Bielsa est surnommé « El Loco » , le mérite-t-il ?
En fait, si tu ne le connais pas, il peut paraître étrange, mais une fois que t’as appris à connaître sa manière de vivre, de ressentir le football, tu comprends qu’il agit avant tout comme un passionné.
On dit qu’être entraîné par Bielsa peut être usant…
Comme il veut tirer le maximum de chaque joueur, il te presse comme un citron. Pour certains, cela peut être stressant, mais les résultats sont là. Il faut s’habituer, c’est tout. Ce n’est pas si grave (rires).
S’il avait poursuivi à la tête du Chili, le groupe aurait-il continué à être performant ?
Oui, sans aucun doute. Les circonstances de son départ furent étranges.
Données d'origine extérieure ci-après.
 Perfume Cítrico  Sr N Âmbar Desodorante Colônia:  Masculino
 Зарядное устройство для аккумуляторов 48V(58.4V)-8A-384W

Un conflit l’a opposé à la Fédération. Ce fut une grande perte pour le football chilien, une vraie régression. À partir de l’arrivée de Bielsa, le Chili est devenu une sélection respectée dans le monde. S’il avait continué, ça aurait fonctionné. La lassitude ne se serait pas emparée du groupe. Bielsa a misé avant tout sur des jeunes joueurs qui lui étaient reconnaissants, car ils les a fait grandir. Si Bielsa était resté, je crois, par exemple, qu’on aurait pu prétendre au sacre lors de la Copa América 2011. Maintenant, avec Jorge Sampaoli, on a retrouvé le bon chemin.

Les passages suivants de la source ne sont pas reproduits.